## MATERIAL PROVIDED
──────

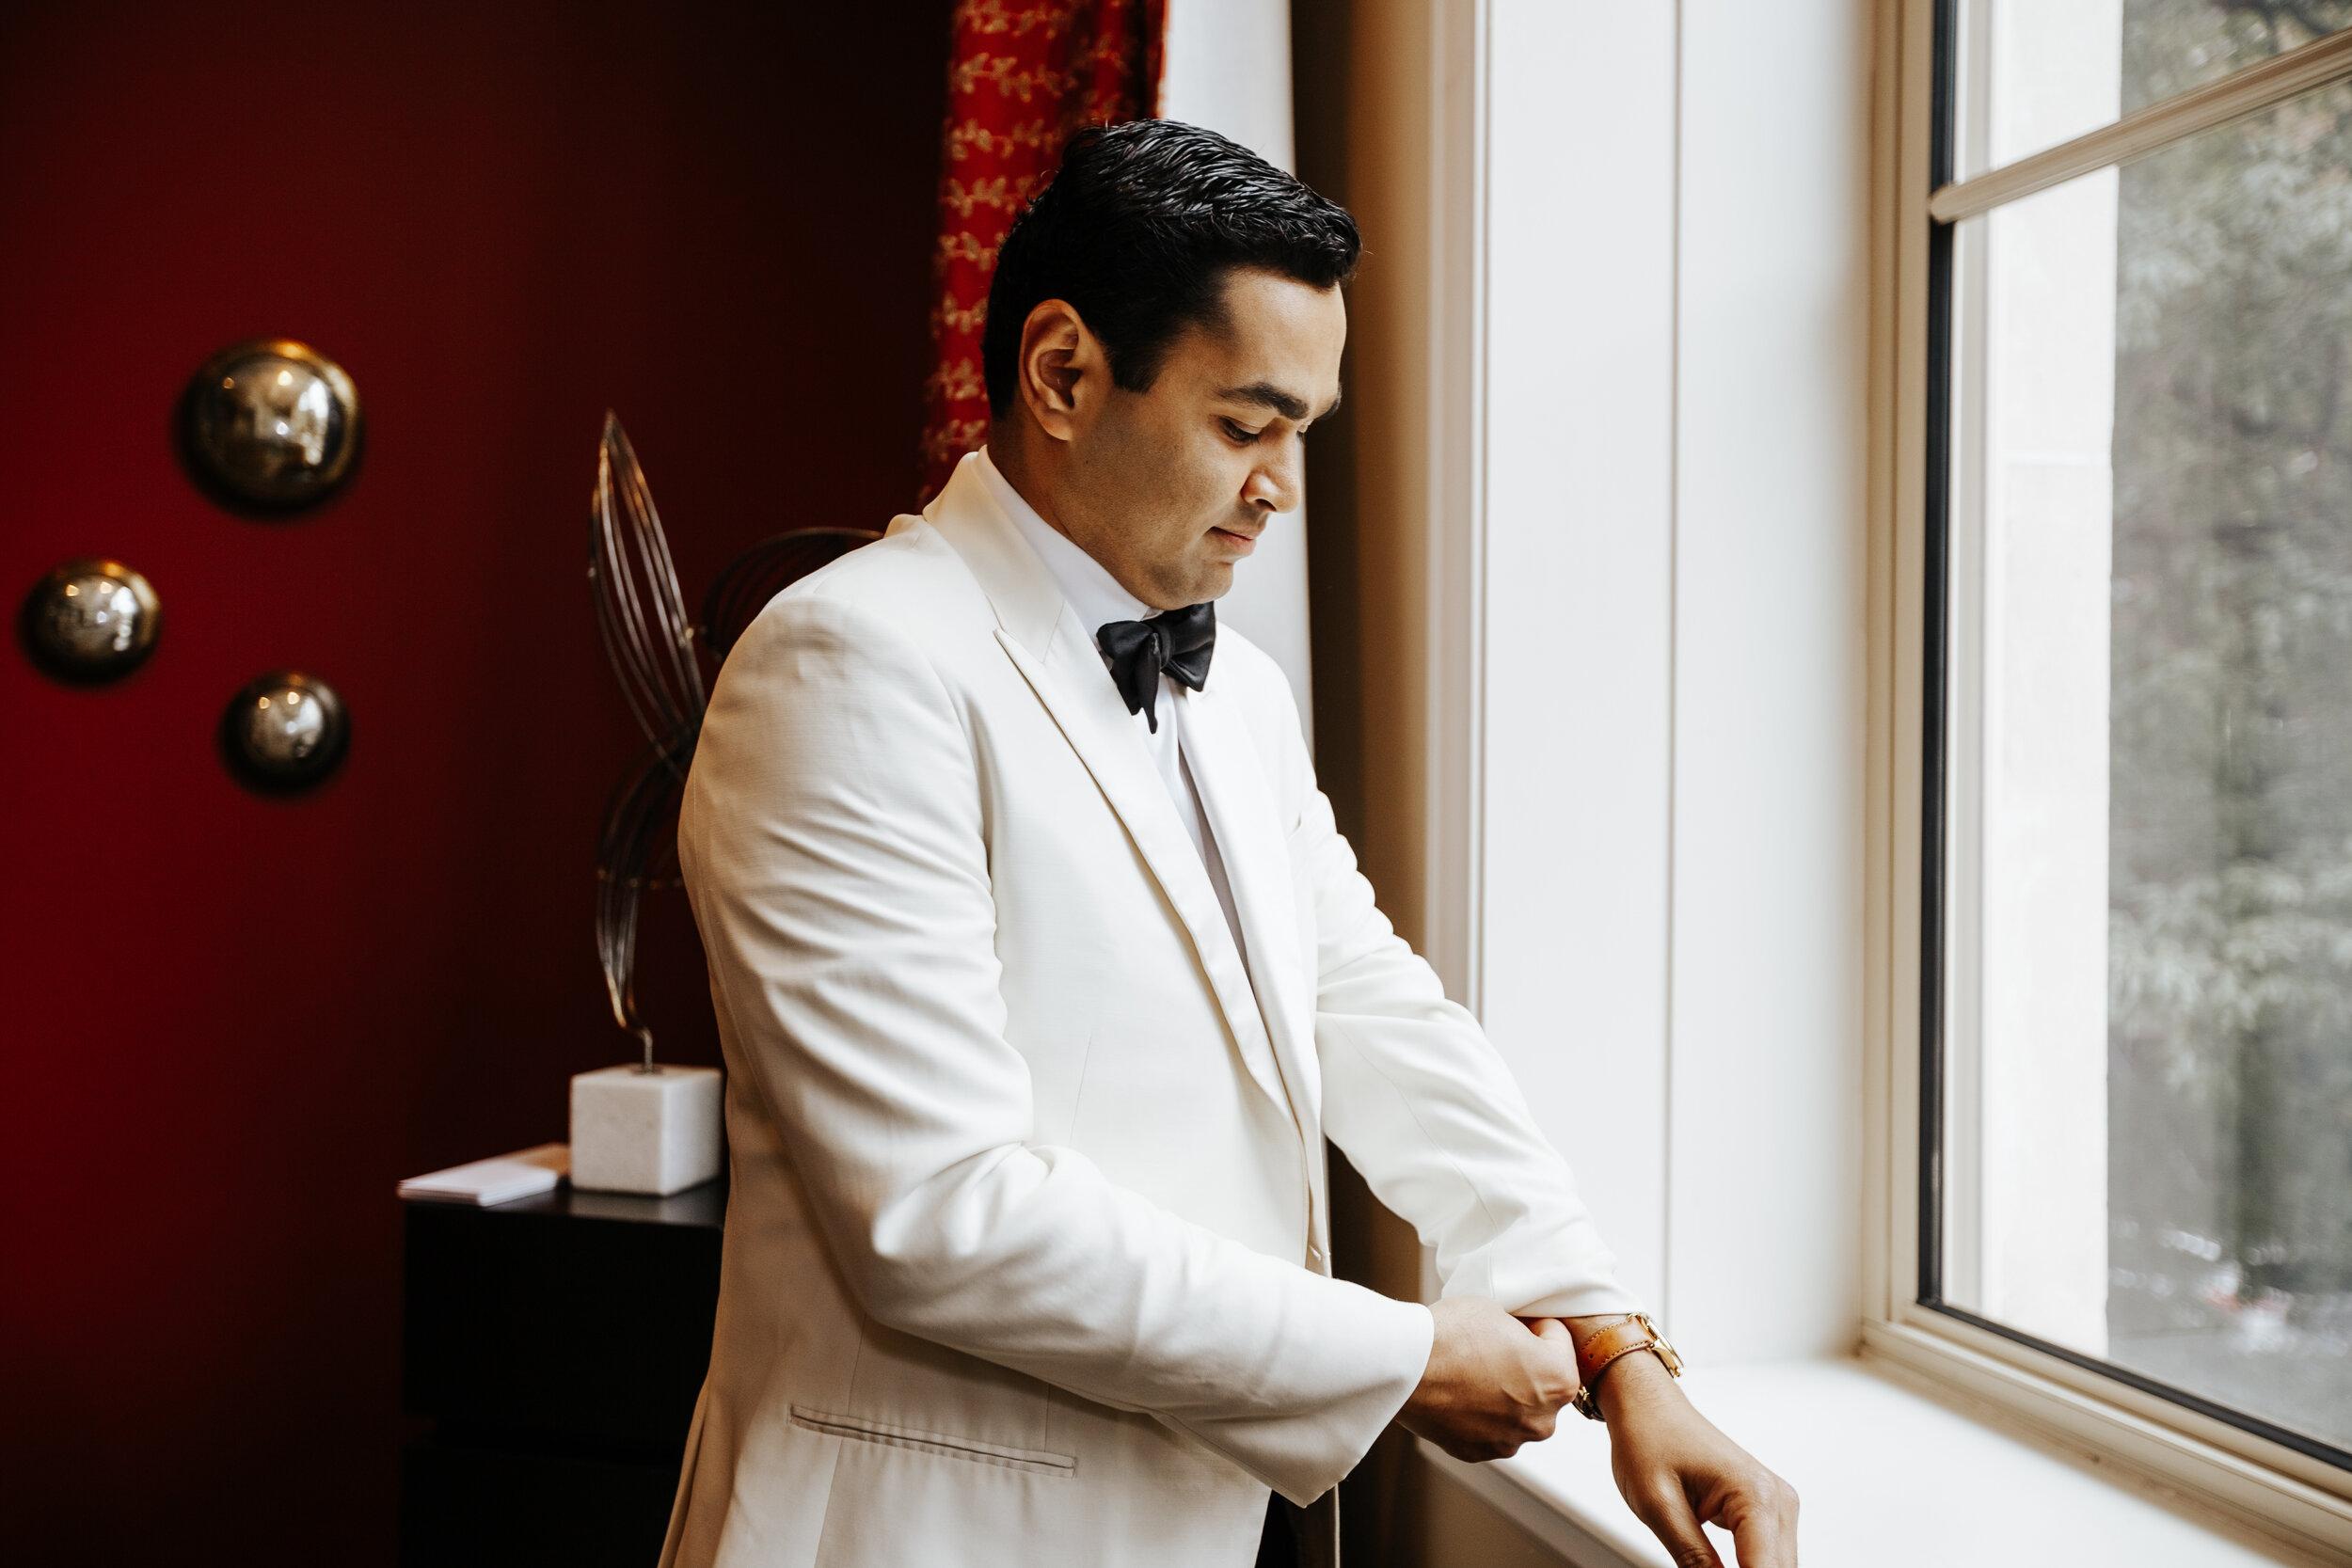 Cassie-Mrunal-Wedding-Quirk-Hotel-John-Marshall-Ballrooms-Richmond-Virginia-Photography-by-V-25.jpg
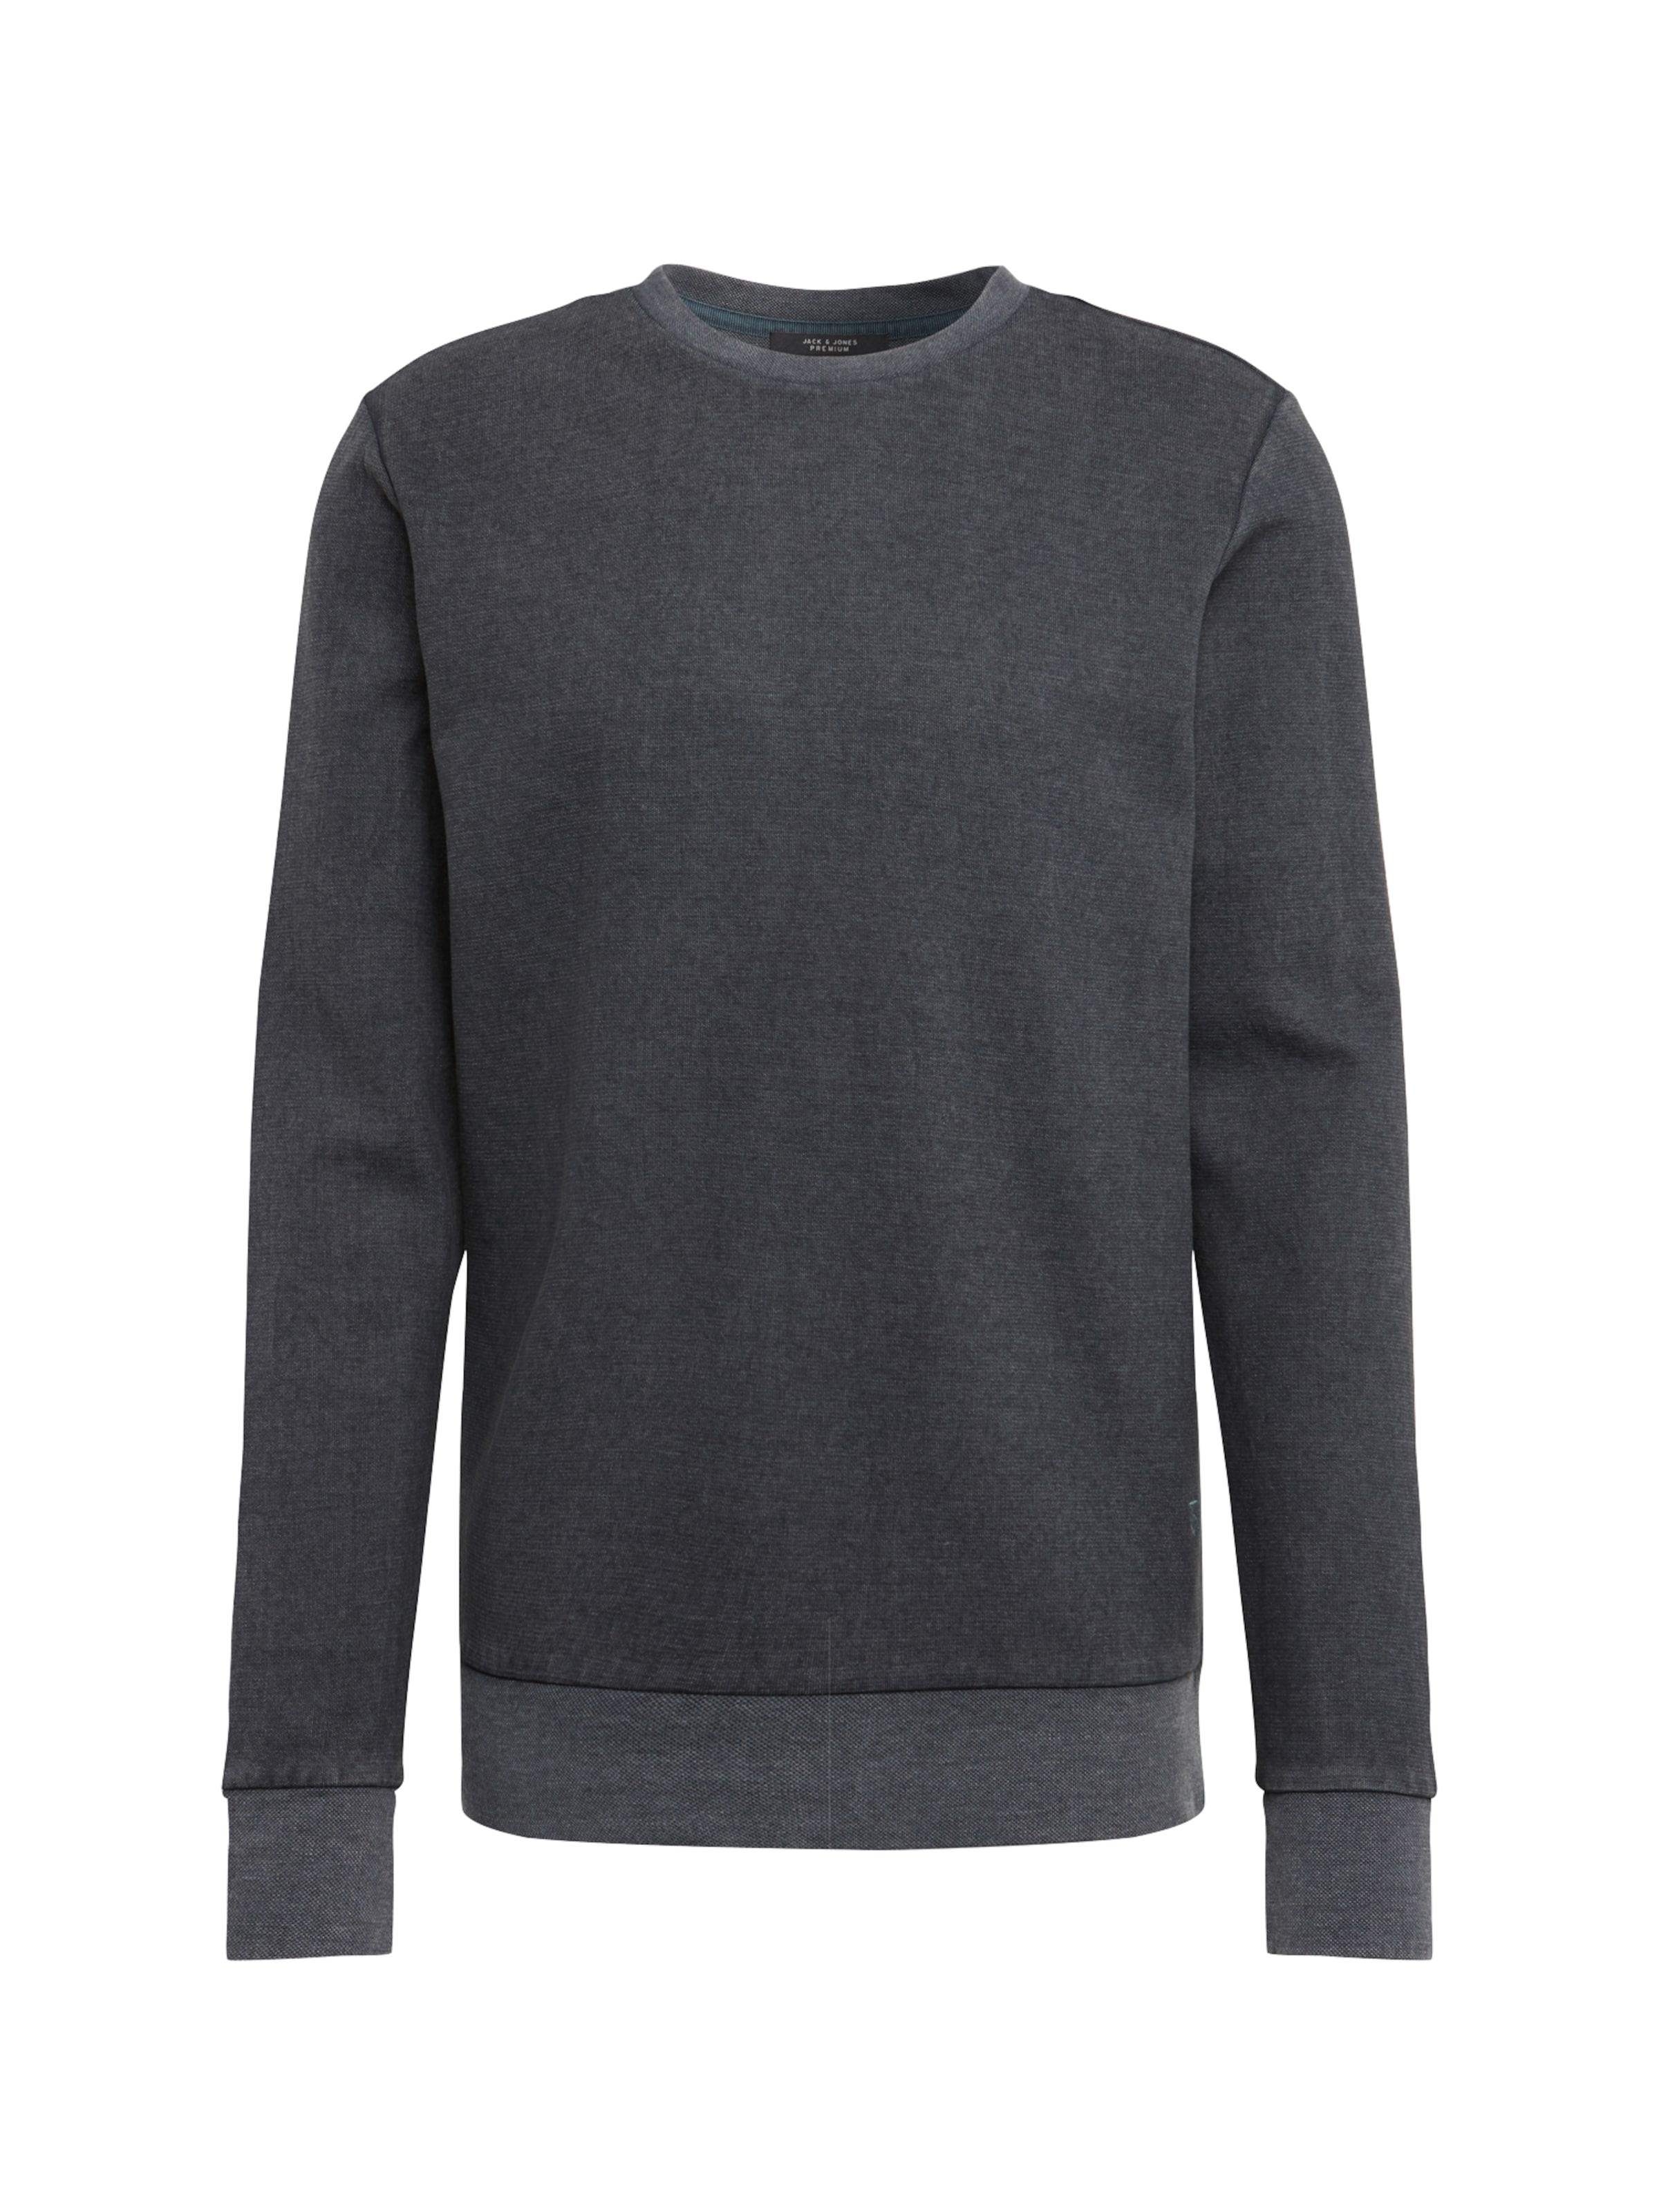 Jones En Sweat shirt Jackamp; Noir kZiPXu
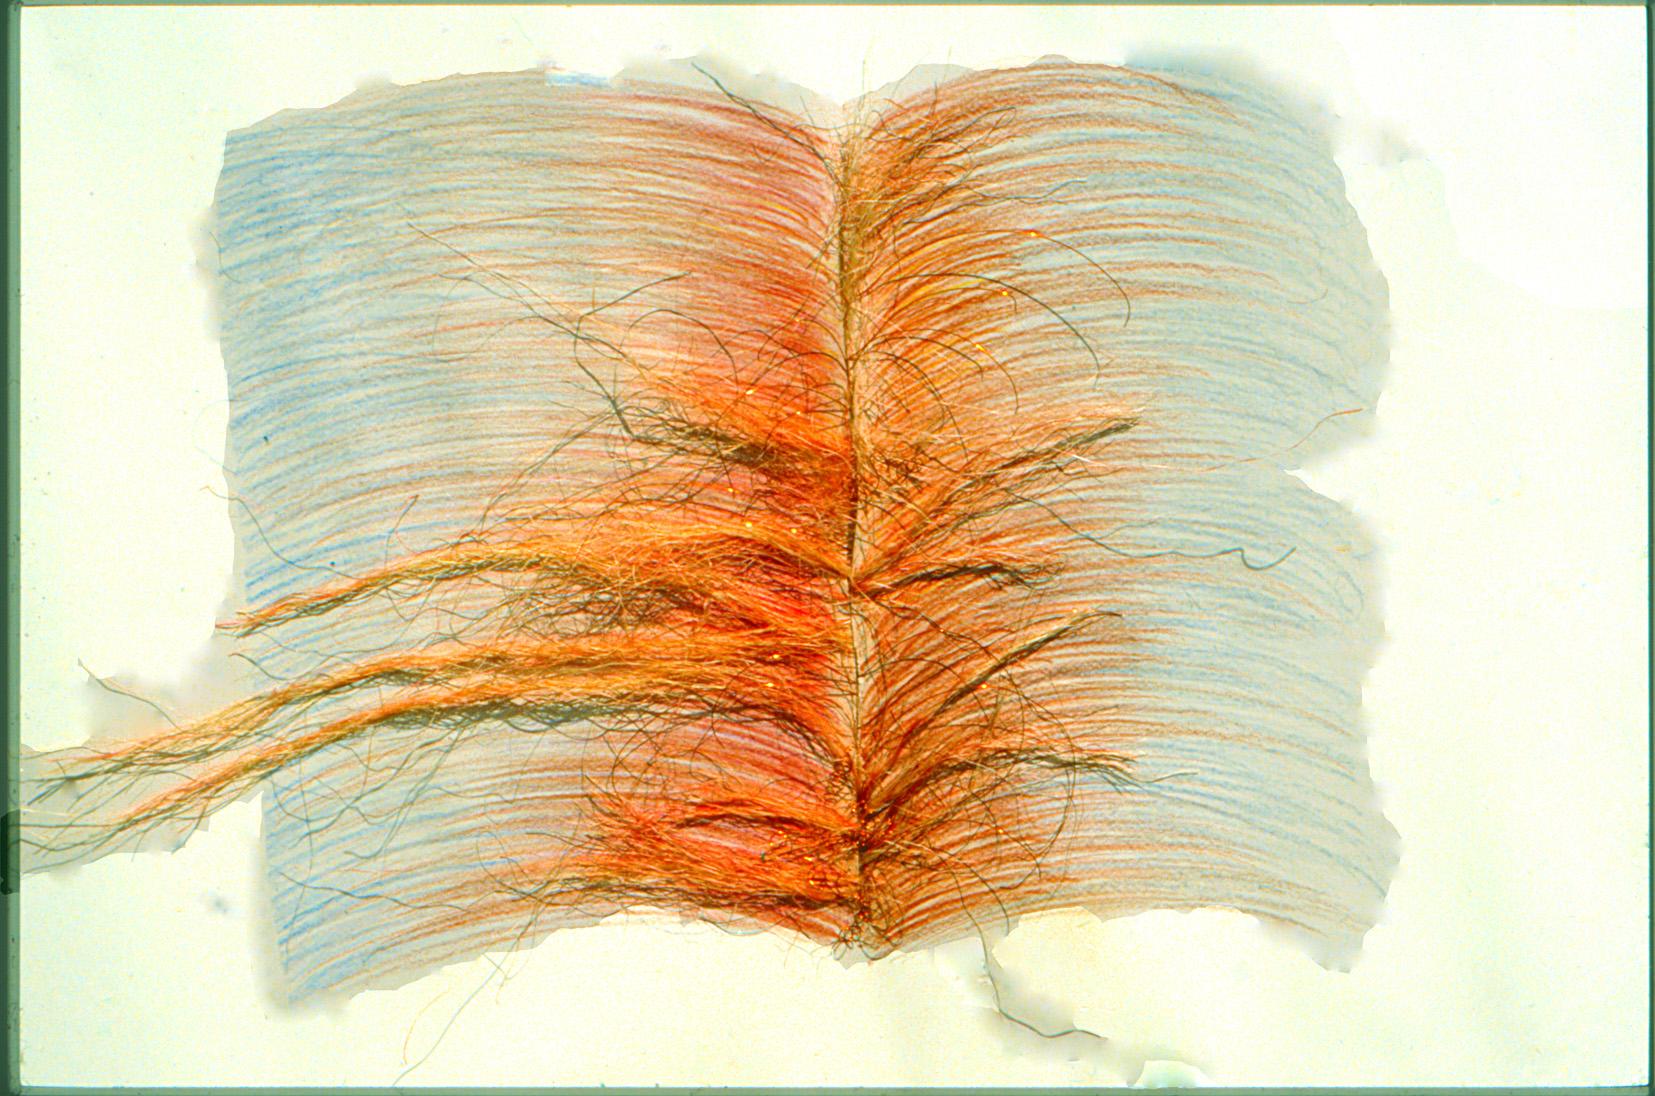 das offene Buch    (72x52x10cm)

──────

## ABOUT THIS EXERCISE
All of the material above needs to be restated exactly, with no pictures.

## ANSWER SECTION
 Cassie-Mrunal-Wedding-Quirk-Hotel-John-Marshall-Ballrooms-Richmond-Virginia-Photography-by-V-25.jpg
 Jones En Sweat shirt Jackamp; Noir kZiPXu
 das offene Buch    (72x52x10cm)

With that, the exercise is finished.